Today’s youth becoming more self-centric

Youth views goals concerned with money,fame and image as more important,says study

Written by Agencies | Washington | Published: March 16, 2012 2:06 pm

Today’s youth appear to be more “Generation Me” than “Generation We”,as a new study has found that these youngsters are more self-centric and money-minded than their previous generation peers.

The study by researchers at San Diego State University in the US found a decline over four decades in civic engagement and concern for others,alongside increases in such life goals as making a lot of money.

“The data analysed here suggest that the popular view of millennials — those born after 1982 — as more caring,community-oriented and politically engaged than previous generations is largely incorrect,” said the research team,led by psychology professor Jean Twenge.

While the rate of volunteerism appears to have increased among younger people,the researchers said this is probably due to schools instituting volunteer service requirements.

Twenge,the author of “Generation Me”,and her colleagues were surprised to see that the desire to save the environment notably declined across the three generations studied – baby boomers (born between 1946 and 1961),Generation Xers (born between 1961 and 1981) and millennials,a media report said.

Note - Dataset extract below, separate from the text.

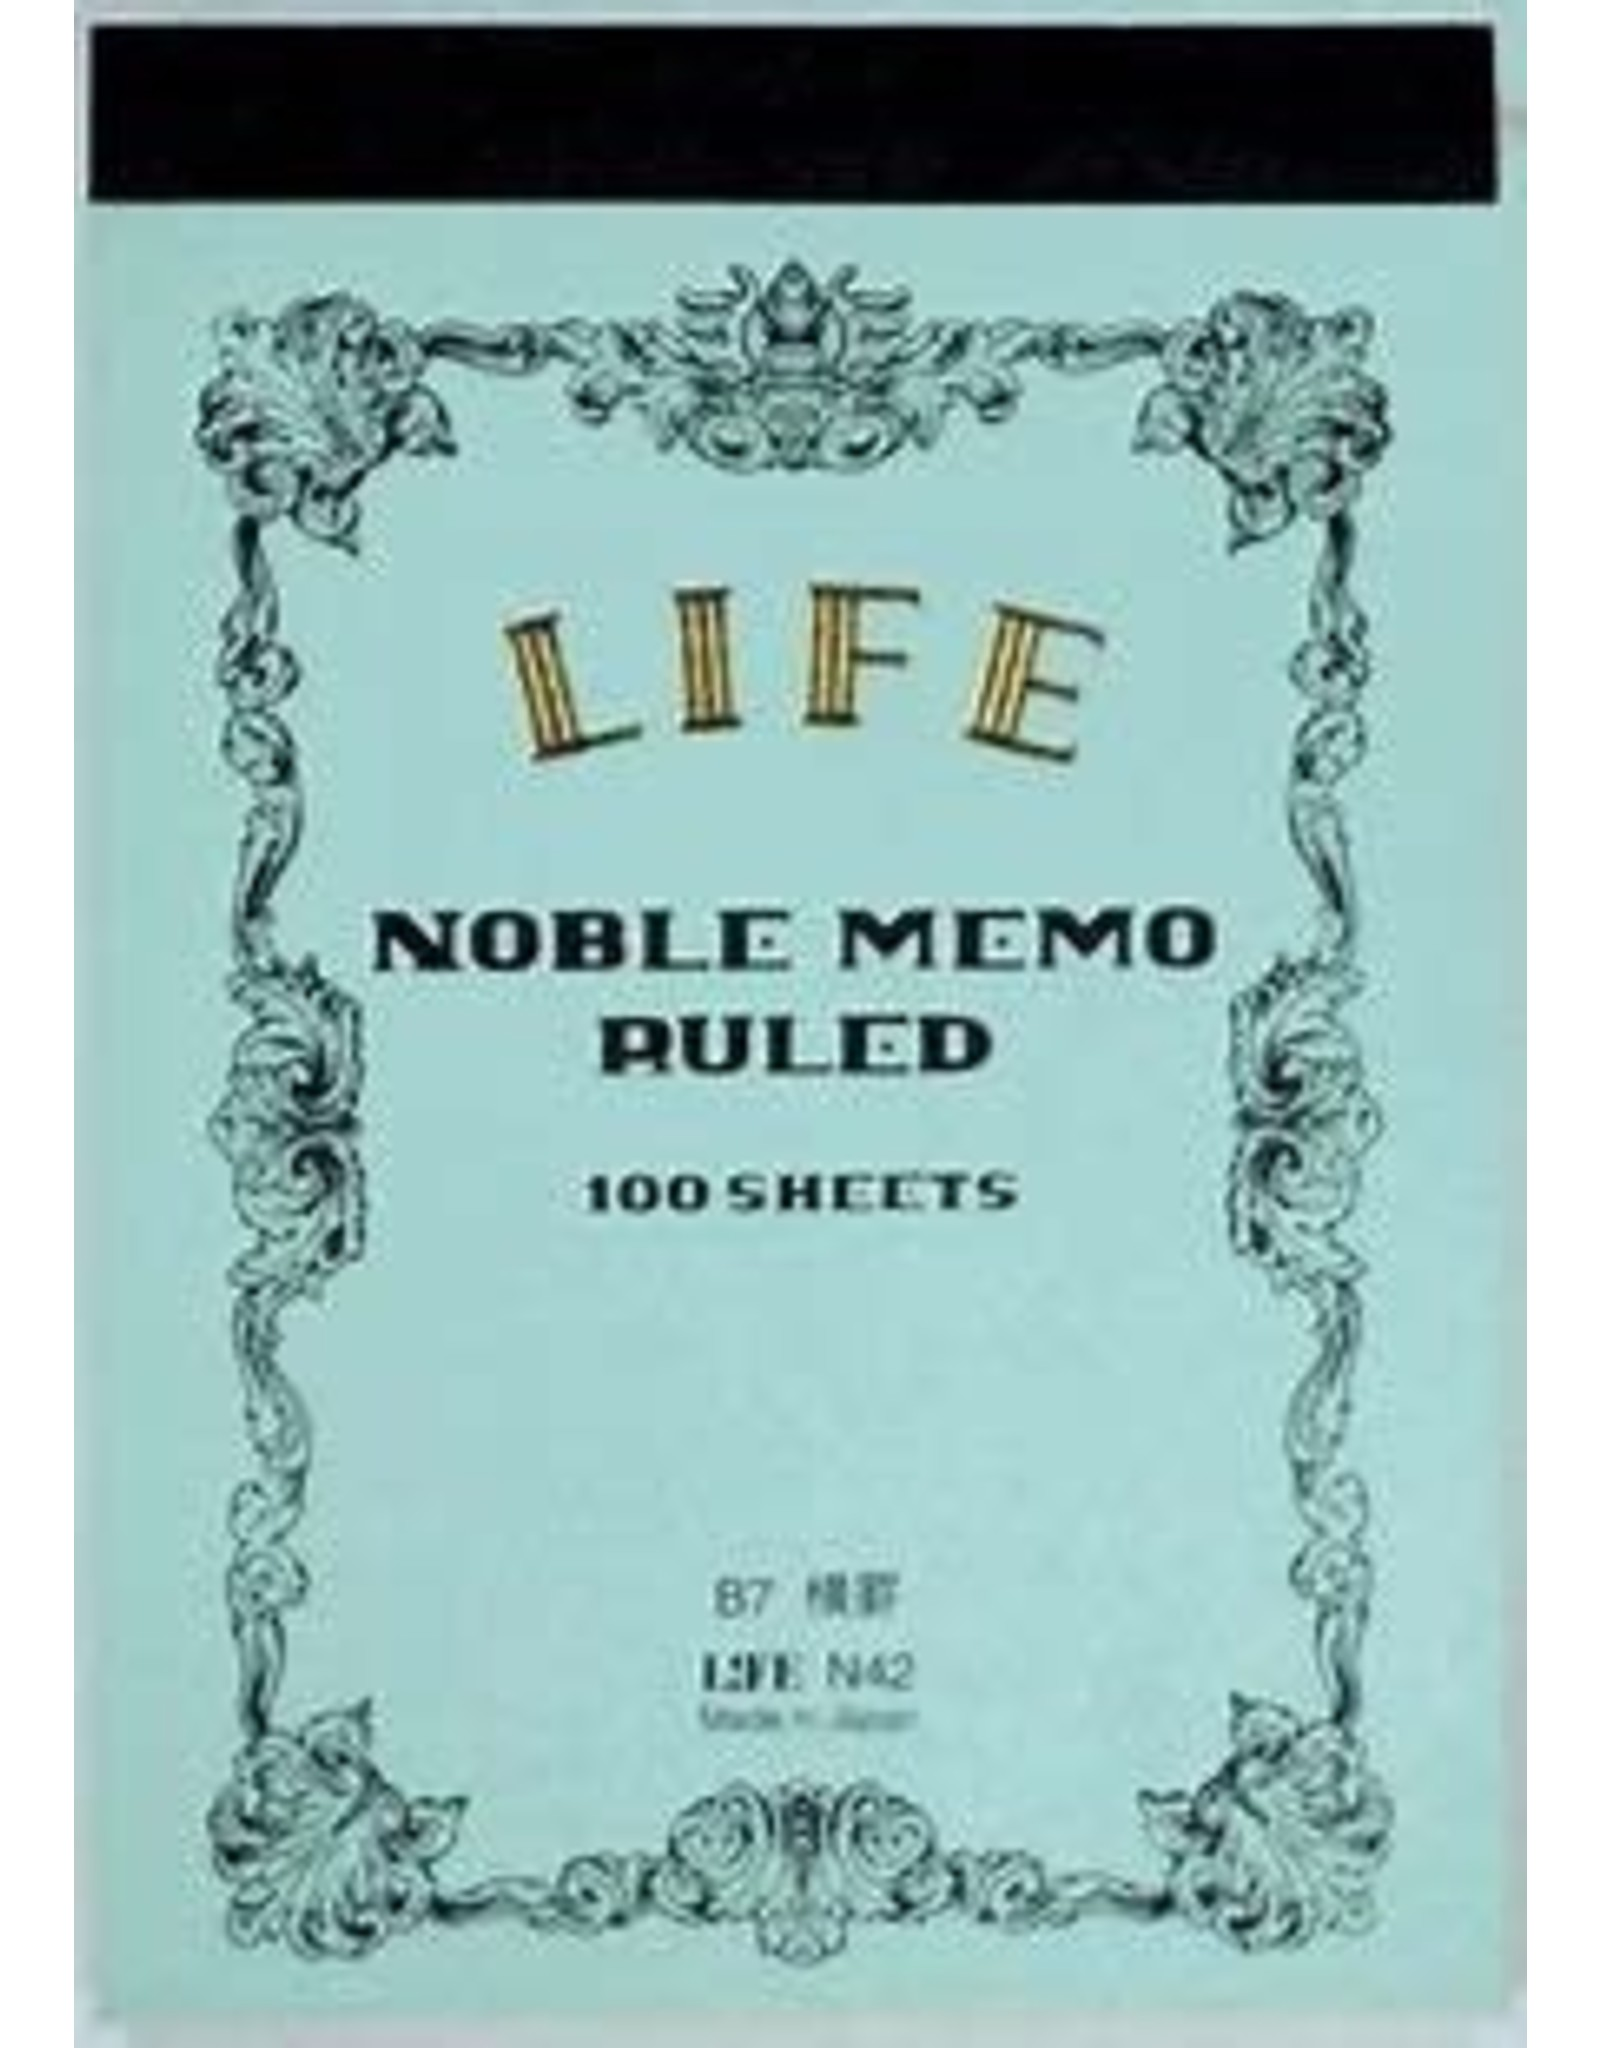 LIFE CO.,LTD. NOBLE MEMO RULED

For example,while five per cent of boomers said they did not made personal effort to help the environment,the proportion among millennials was 15 per cent.

The researchers examined survey data collected since 1975 from high school seniors,as part of the University of Michigan’s Monitoring the Future project,and,beginning in 1966,from college freshmen,as part of the American Freshman survey by the University of California,Los Angeles.

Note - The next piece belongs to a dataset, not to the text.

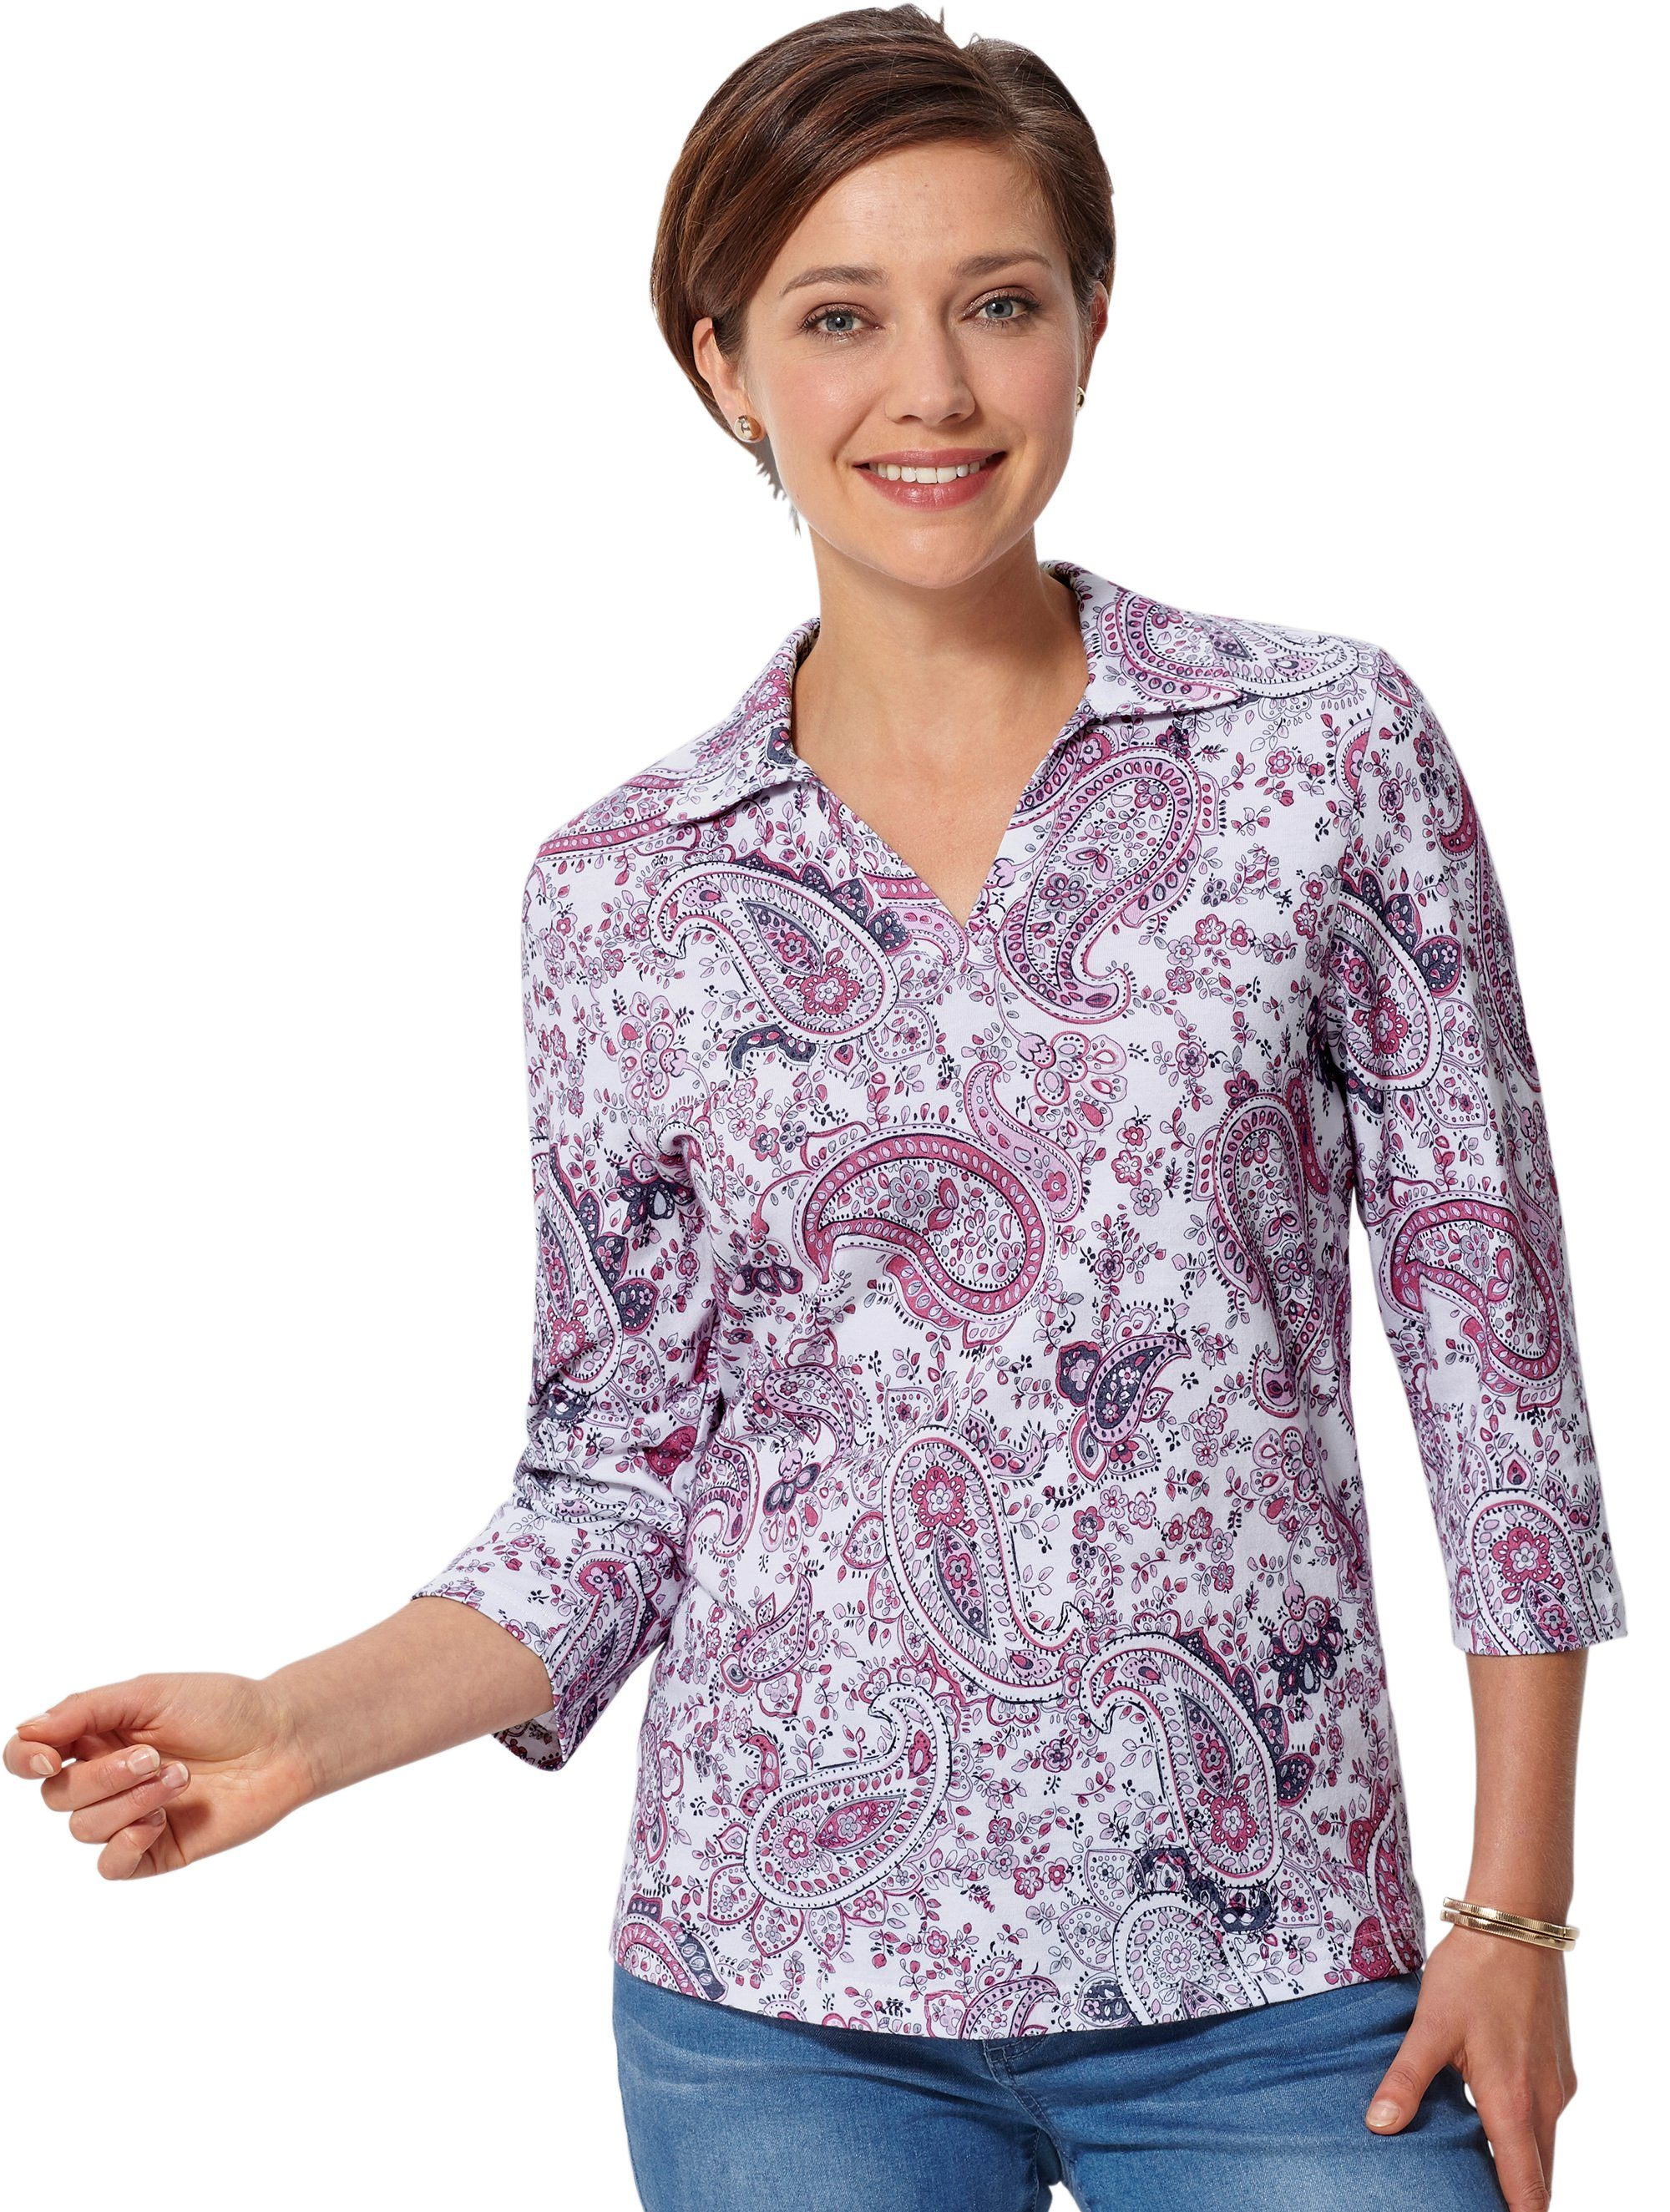 Classic Basics Poloshirt in trageangenehmer Single-Jersey-Qualitä

Data on life goals showed a shift away from those related to intrinsic values,like developing a meaningful philosophy of life,towards more extrinsic ones such as being well-off financially — over the three generations.

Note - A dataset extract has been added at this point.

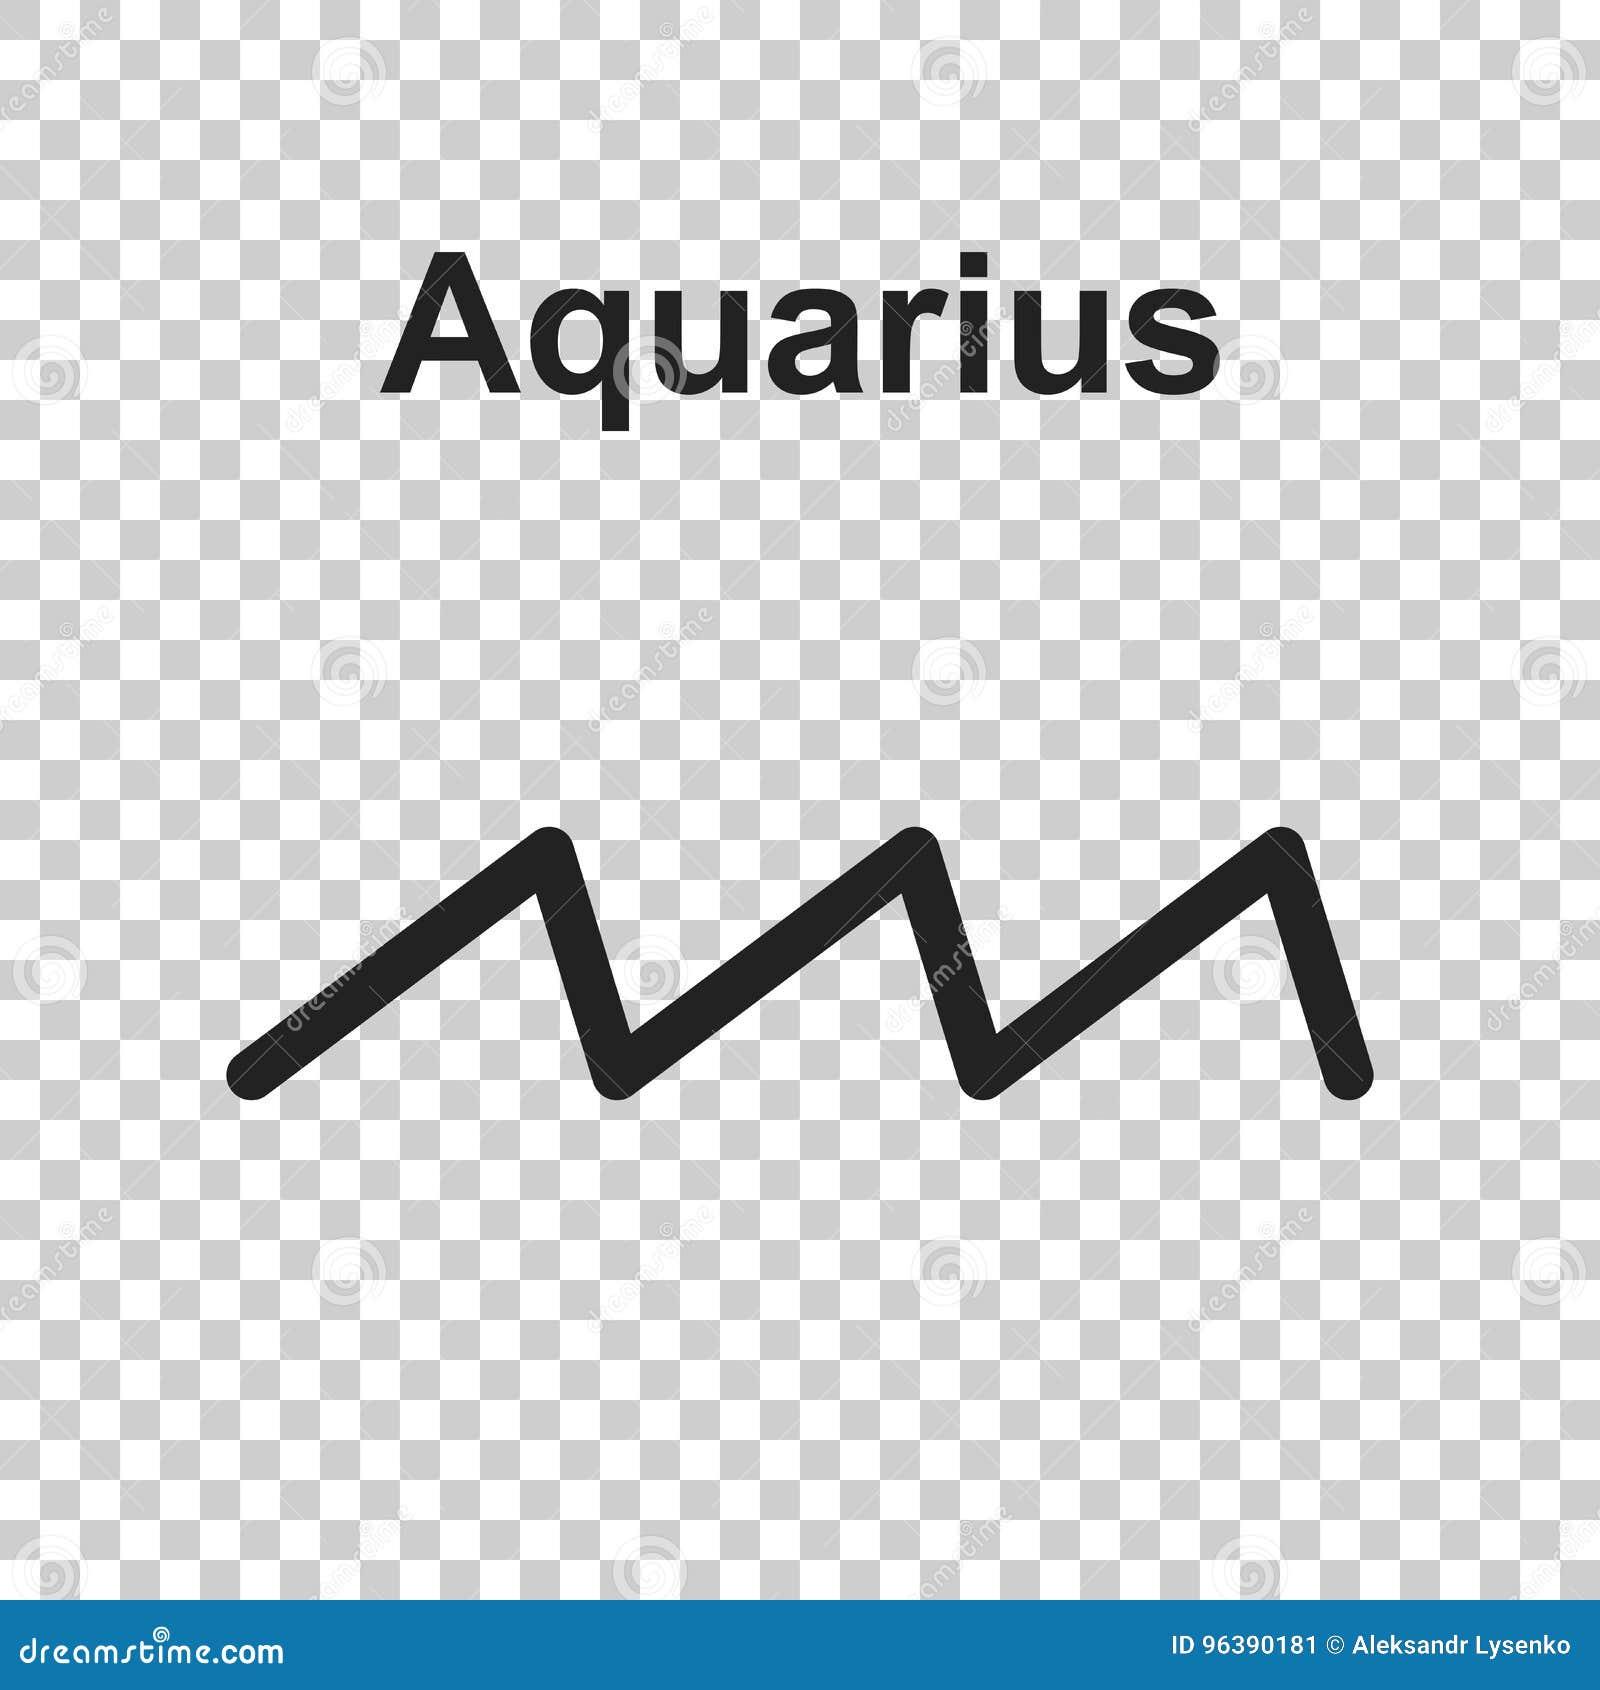 Aquarius Zodiac Sign Flat Astrology Vector Illustration On Whit

“Compared to boomers,millennials and Gen Xers viewed goals concerned with money,fame and image as more important,and goals concerned with self-acceptance,affiliation,and community as less important,” the researchers wrote in a paper published in the Journal of Personality and Social Psychology.

This shift may help to explain the generational increase in anxiety,depressive symptoms and poor mental health documented by other research,since an emphasis on extrinsic values over intrinsic ones has been linked with distress and declines in psychological well-being,he added.